2) Offset : This is used when you cut out some part of the starting data from your audio file i.e. if you don't want first 2 seconds then you can select offset as 2 and it will skip the first two seconds.

In [9]:
recognizer = sr.Recognizer()
audio_file = sr.AudioFile("voice-data.wav")
with audio_file as source:
    audio_file = recognizer.record(source,offset=2)
    result2=recognizer.recognize_google(audio_data=audio_file)

In [10]:
result2

"awesome okay would you be then locking this meeting in so that we don't have nobody"

Combining both

In [12]:
recognizer = sr.Recognizer()
audio_file = sr.AudioFile("voice-data.wav")
with audio_file as source:
    audio_file = recognizer.record(source, duration= 5.0, offset = 2.0)
    result3 = recognizer.recognize_google(audio_data=audio_file)

Comparing all the results

In [13]:
print(result)
print(result1)
print(result2)
print(result3)

awesome okay would you be then clocking this meeting in so that we don't have nobody cuz once the division of penis.
awesome would you be then this meeting in so that we don't have nobody
awesome okay would you be then locking this meeting in so that we don't have nobody
awesome okay would you be then


#### Effect of Noise

Noise in the backgroud data can create disturbances or error in the results hence it is necessary to remove the noise from the audio file

In [31]:
recognizer = sr.Recognizer()
audio_file = sr.AudioFile("voice-data.wav")
with audio_file as source:
    recognizer.adjust_for_ambient_noise(source)
    audio = recognizer.record(source)

result4= recognizer.recognize_google(audio)

In [32]:
print(result4)

awesome would you be then this meeting in so that we don't have nobody


In [33]:
result_str= result.split(' ')

In [34]:
result_str

['awesome',
 'okay',
 'would',
 'you',
 'be',
 'then',
 'clocking',
 'this',
 'meeting',
 'in',
 'so',
 'that',
 'we',
 "don't",
 'have',
 'nobody',
 'cuz',
 'once',
 'the',
 'division',
 'of',
 'penis.']

In [35]:
print(result_str)

['awesome', 'okay', 'would', 'you', 'be', 'then', 'clocking', 'this', 'meeting', 'in', 'so', 'that', 'we', "don't", 'have', 'nobody', 'cuz', 'once', 'the', 'division', 'of', 'penis.']

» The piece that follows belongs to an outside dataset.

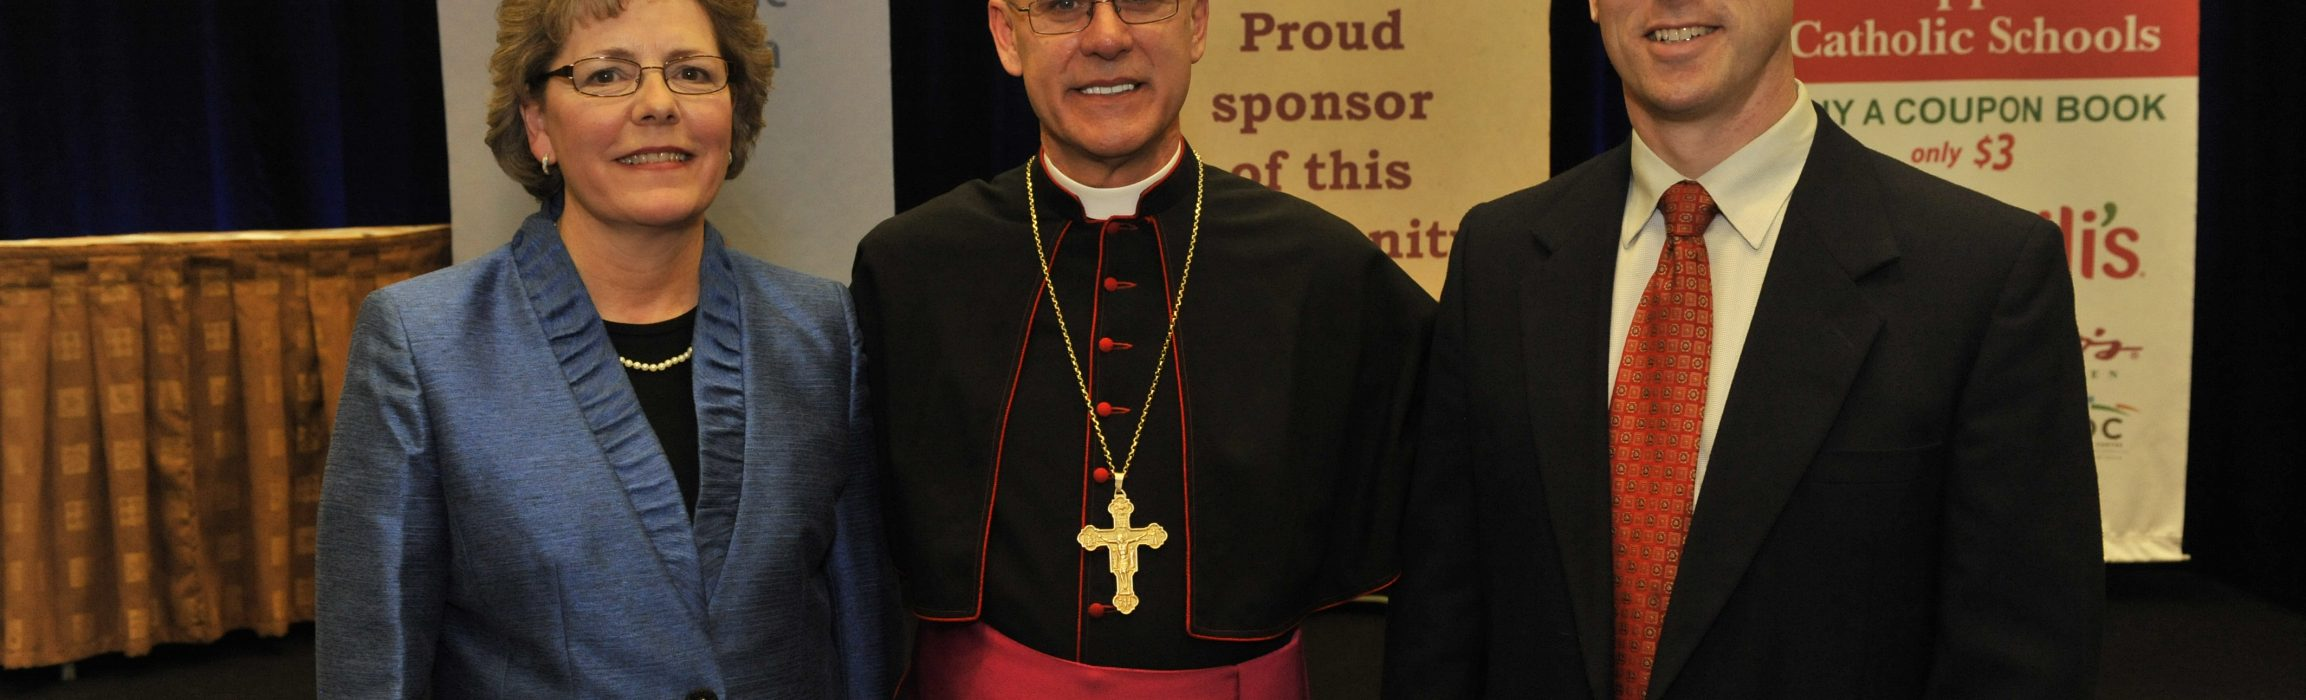 Carl loesch appointed secretary of catholic education jordan to be carl loesch appointed secretary of catholic education jordan to be superintendent todays catholic m4hsunfo

#### Different number of words used?

In [36]:
unique_words = set(result_str)
print(unique_words)

{'okay', 'in', "don't", 'that', 'you', 'awesome', 'cuz', 'clocking', 'of', 'have', 'once', 'be', 'meeting', 'we', 'the', 'nobody', 'penis.', 'so', 'would', 'then', 'division', 'this'}


In [37]:
print("The number of different words used: ",len(unique_words))

The number of different words used:  22


#### Count the repetition of words

First we will store the unique words in a dictionary

In [38]:
# To count the number of times the unique words appear , first in the unique_word list
word_dict = {} #An empty dictionary
for word in result_str:
    word_dict[word] = 0
print(word_dict)

{'awesome': 0, 'okay': 0, 'would': 0, 'you': 0, 'be': 0, 'then': 0, 'clocking': 0, 'this': 0, 'meeting': 0, 'in': 0, 'so': 0, 'that': 0, 'we': 0, "don't": 0, 'have': 0, 'nobody': 0, 'cuz': 0, 'once': 0, 'the': 0, 'division': 0, 'of': 0, 'penis.': 0}


In [39]:
for word in result_str:
    word_dict[word] = word_dict[word] + 1
print("The count for each word spoken number of times are: ",word_dict)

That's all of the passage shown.